Your assignment. What follows is a listing to transcribe exactly, leaving the pictures out.

Supplied material.
..............................

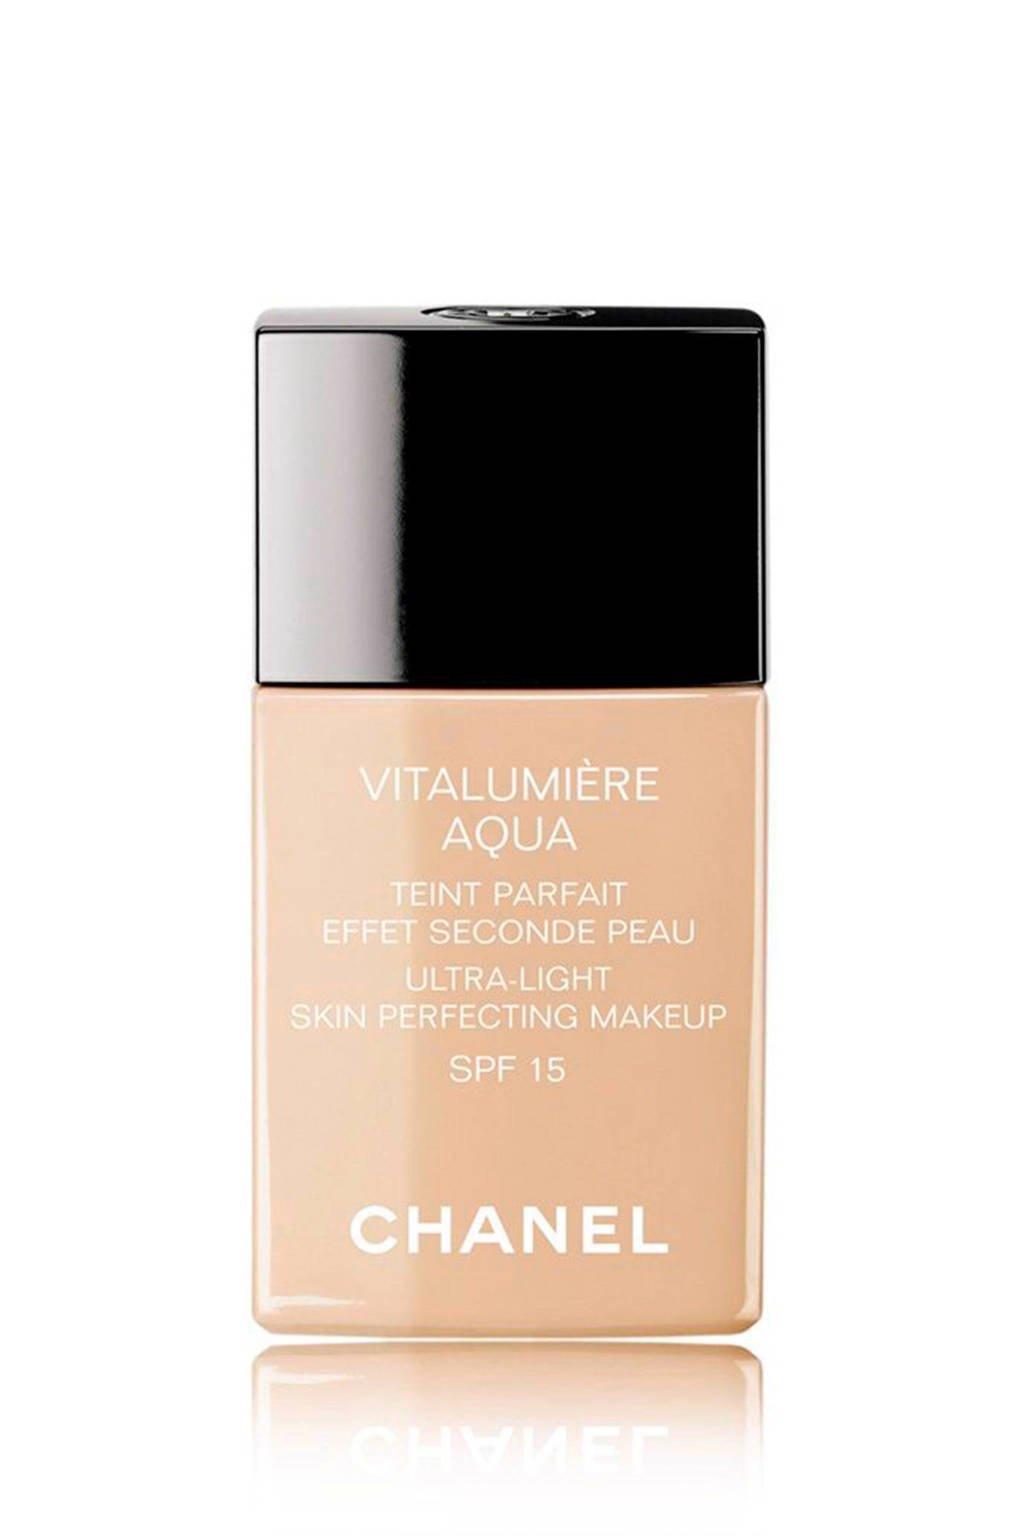 Chanel Vitalumière Aqua foundation - 70 Beige
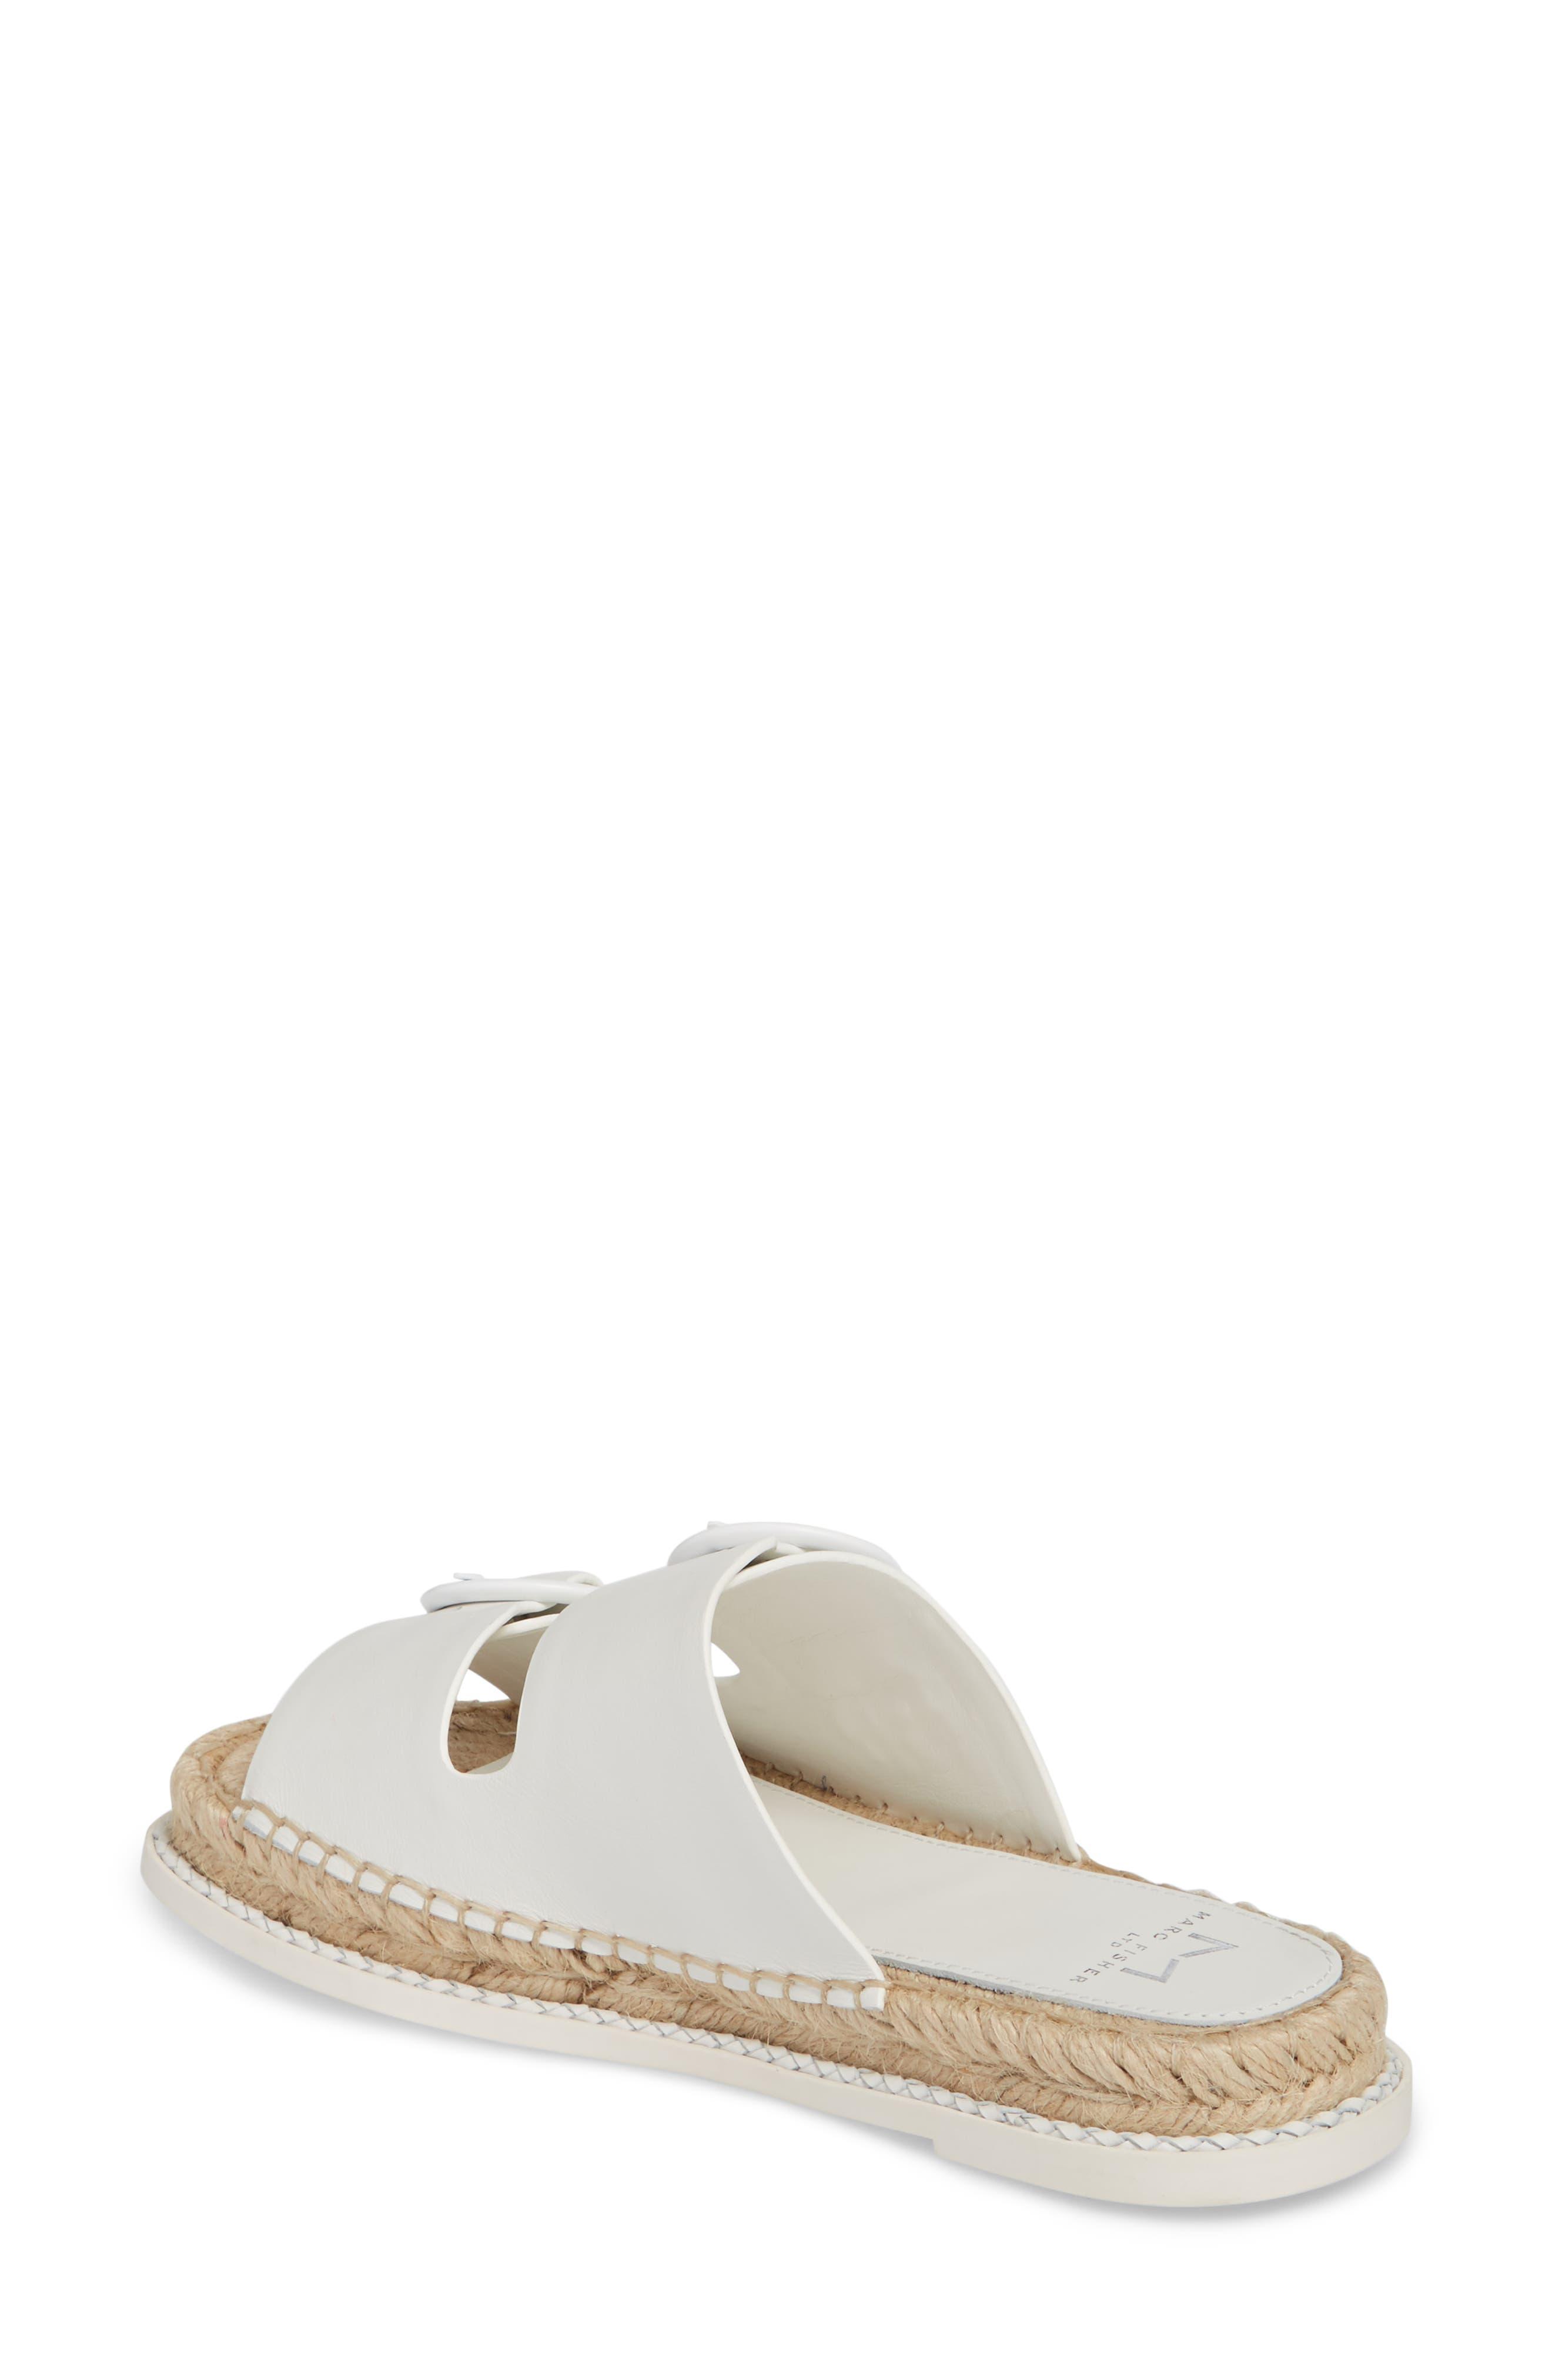 Ramba Espadrille Slide Sandal,                             Alternate thumbnail 2, color,                             White Leather
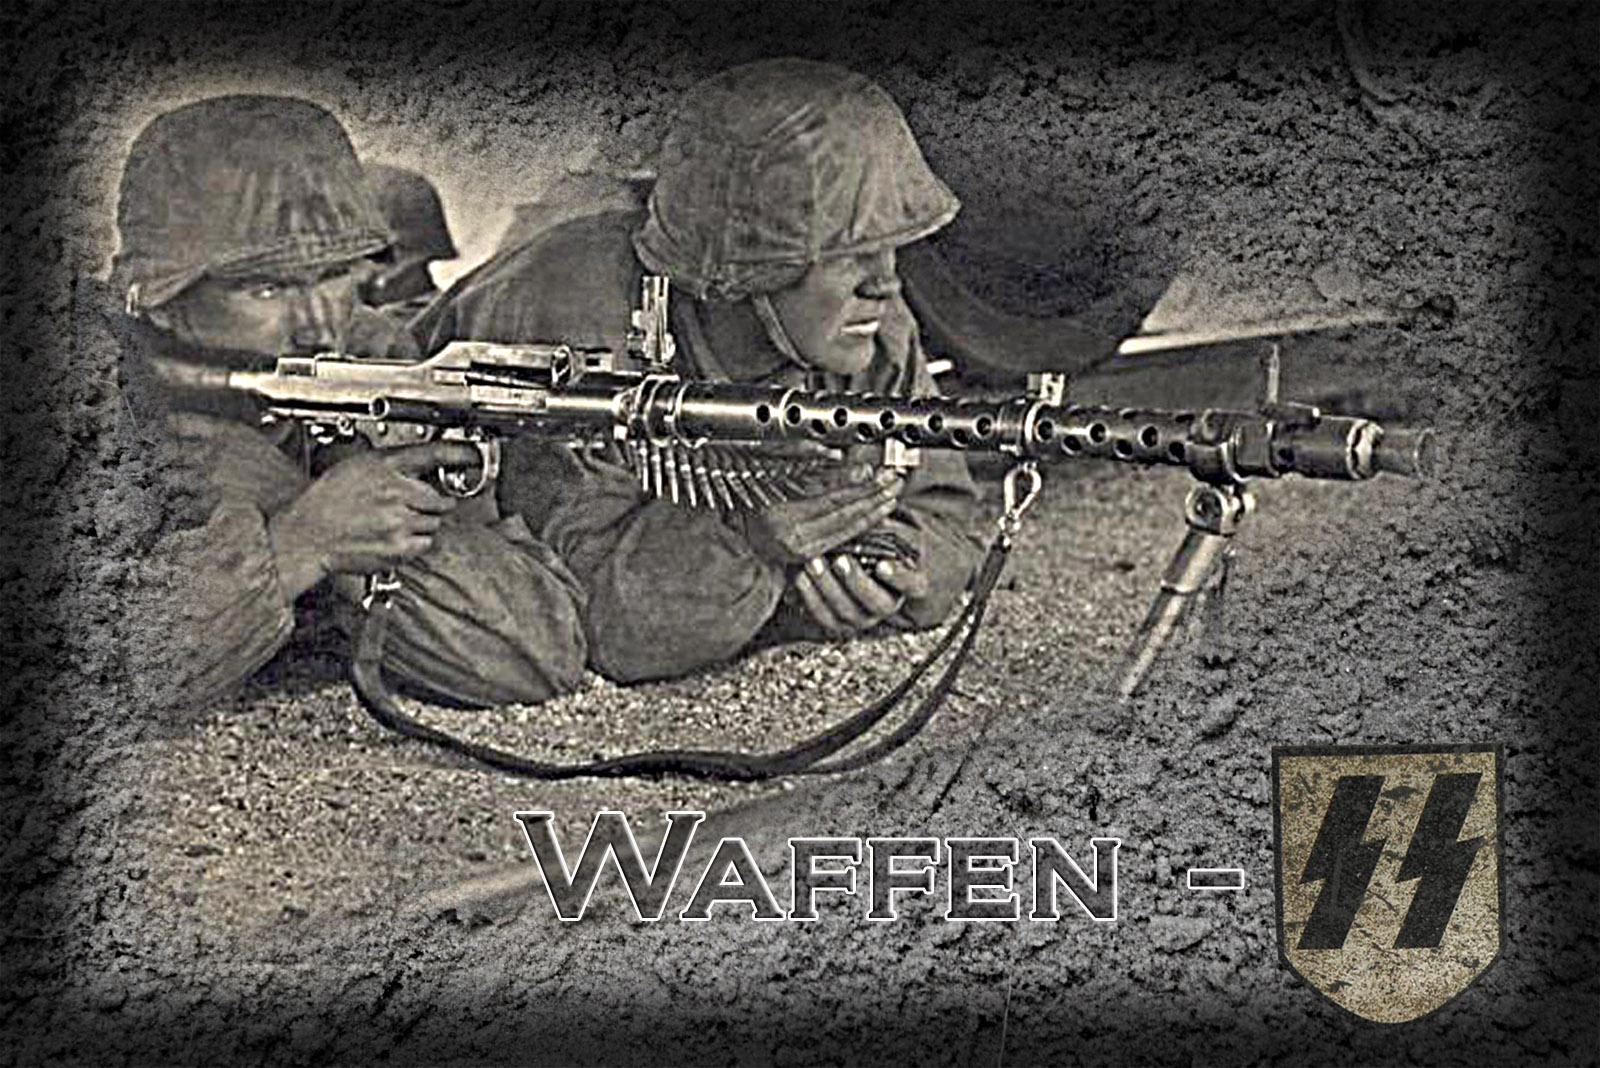 NAZI JERMAN Koleksi Wallpaper Tema Nazi Jerman 1600x1068

..............................

Answer to this task.
 Chanel Vitalumière Aqua foundation - 70 Beige
 Ramba Espadrille Slide Sandal,                             Alternate thumbnail 2, color,                             White Leather
 NAZI JERMAN Koleksi Wallpaper Tema Nazi Jerman 1600x1068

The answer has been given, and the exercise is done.